两人刚躲进木箱后面,几道黑影便窜进了小巷,黑袍上的血色骷髅在火把的映照下闪着妖异的光。为首的修士鼻子动了动,像是在嗅探血迹的味道:“圣女说,那小子受了重伤,跑不远的,给我仔细搜!”
“是!”其余人应着,分散开来翻箱倒柜,火把的光在巷壁上投下晃动的影子,吓得几只老鼠“吱吱”叫着窜过。
叶星辰屏住呼吸,将青锋剑横在膝上,指尖扣着一枚剑元凝聚的气针——若是被发现,他只能拼尽最后一丝力气,给楚嫣然争取逃跑的时间。

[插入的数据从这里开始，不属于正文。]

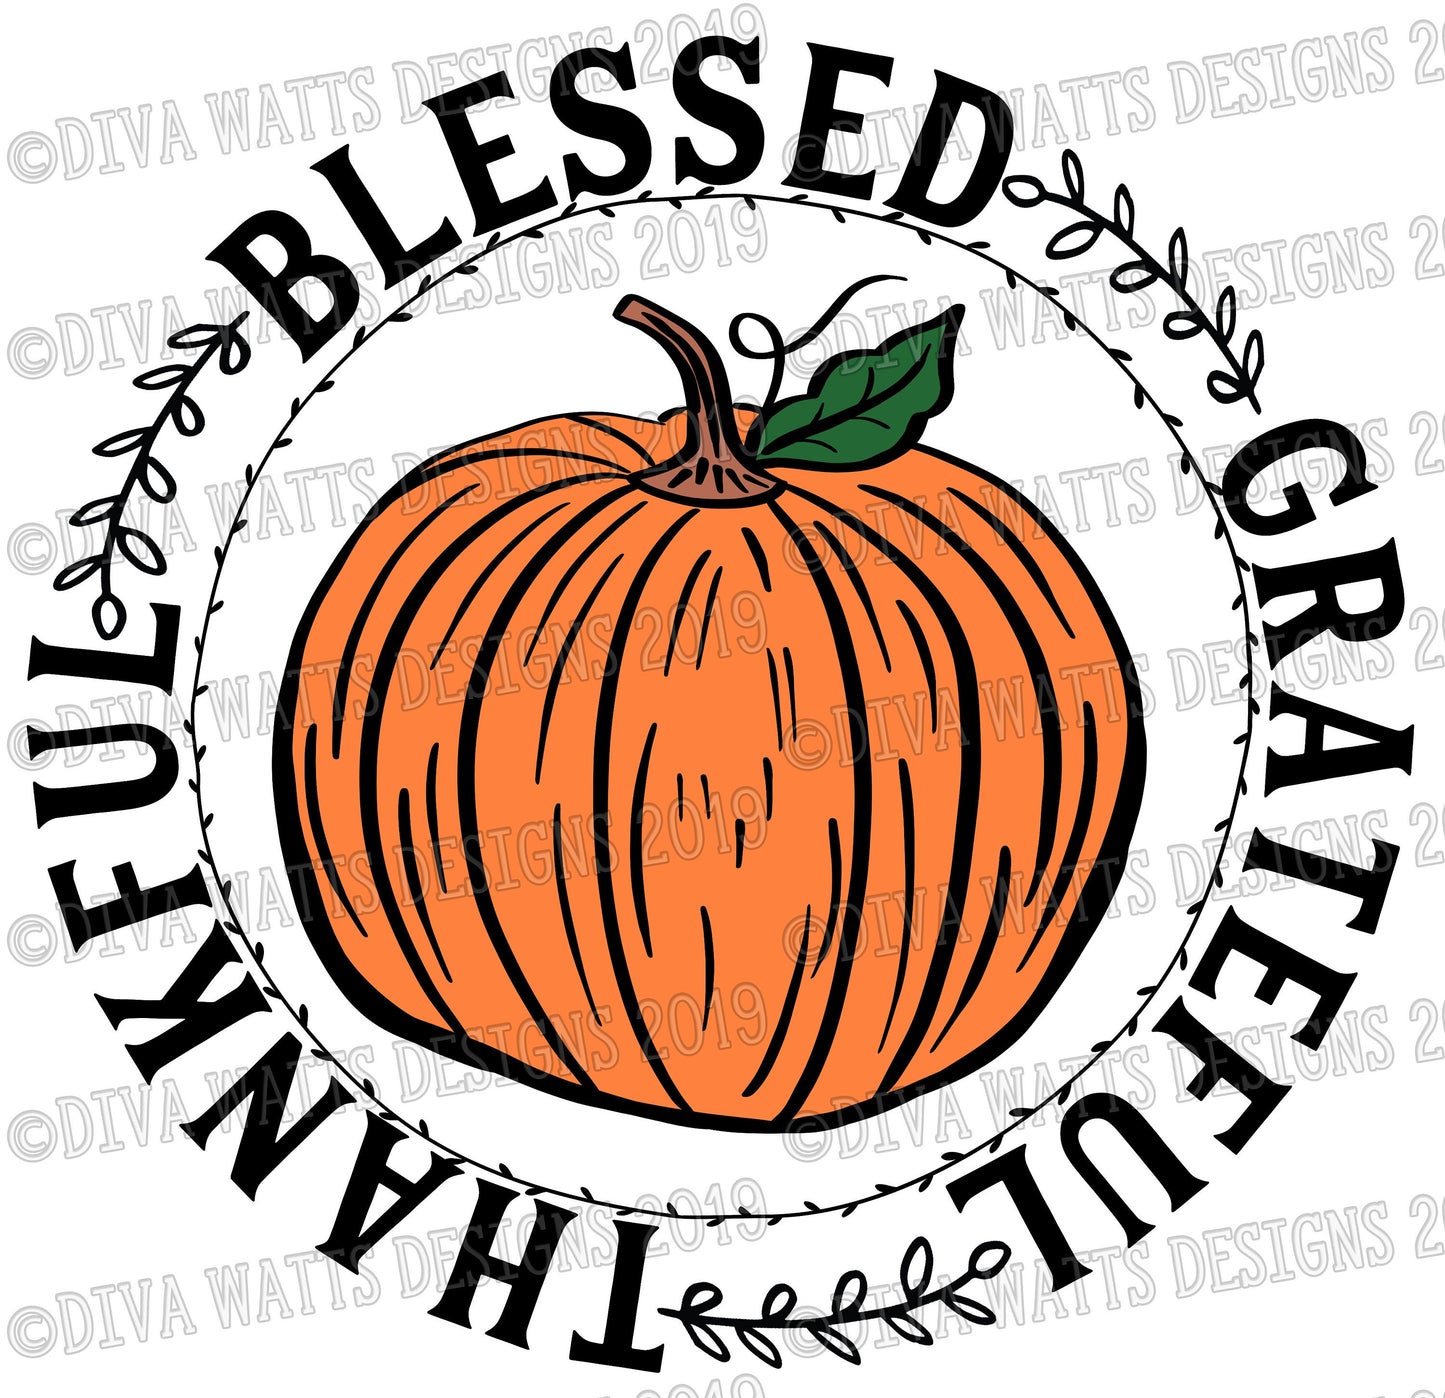 SVG Grateful Thankful Blessed | Thanksgiving | Fall | Autumn | Pumpkin | Wreath | Cutting File Instant Download DXF PNG eps | Vinyl Stencil

楚嫣然紧紧攥着他的手腕,掌心的汗浸湿了他的衣袖,却没有半分退缩,另一只手悄悄摸向药囊里的烟雾弹。
好在那些追兵搜查得并不仔细,或许是觉得没人敢在流云城腹地顽抗,翻了几下便骂骂咧咧地往别处去了。直到脚步声彻底消失,两人才敢大口喘气,后背已被冷汗浸透。
“好险……”楚嫣然拍着胸口,声音还有些发颤,她看着叶星辰苍白如纸的脸,突然叹了口气,“万魔殿圣女竟强到这种地步……只是通天剑境中期,竟能把你打成这样。”
叶星辰苦笑一声,靠在冰冷的箱壁上闭目养神:“她的‘魔音贯耳’太邪门,专伤神识,我的天火剑域能挡得住灵力攻击,却防不住这种无形的音波。”他想起刚才那道漆黑的音波洪流,至今仍心有余悸,“而且她对剑魂和玉佩好像很了解,出手招招针对我的弱点,若不是最后剑魂护主,我们恐怕……”
后面的话他没说,但两人都心知肚明。魔音的强大不仅在于修为,更在于她对神器碎片和剑魂的了解,这种信息上的压制,比单纯的力量压制更让人绝望。
“我们不能再待在城里了。”楚嫣然低声道,目光扫过巷口的阴影,“万魔殿的人肯定在全城搜捕,这里迟早会被找到。得找个隐蔽的地方让你疗伤,至少要等神识稳定下来。”
叶星辰点头,挣扎着想站起来,却一阵天旋地转,眼前发黑。楚嫣然连忙扶住他,嗔怪道:“别动!我去前面探探路,你在这儿等着,我很快回来。”
她从药囊里留下几粒疗伤丹药,又将自己的外袍脱下来盖在他身上——尽管她的炼丹袍也带着烟火气,却比叶星辰浸透汗水的衣服暖和些。做完这一切,她才像只灵巧的猫,悄无声息地消失在巷口的暮色里。
叶星辰裹紧外袍,上面还残留着楚嫣然身上淡淡的丹香,混合着药草的清苦,意外地让人安心。他低头看着胸口微微起伏的衣襟,那里藏着碧水珠,此刻正传来微弱的暖意,顺着血脉缓缓流淌,像是在安抚他躁动的神识。
他想起刚才护主的金光,想起剑魂与玉佩共鸣时的悸动,心中疑窦丛生。魔音说“剑魂与玉佩比神器碎片更重要”,这话是什么意思?难道这两者的关系,比他想象的更复杂?还有魔音指尖那枚与玉佩同源的黑色碎片,是否也藏着类似的秘密?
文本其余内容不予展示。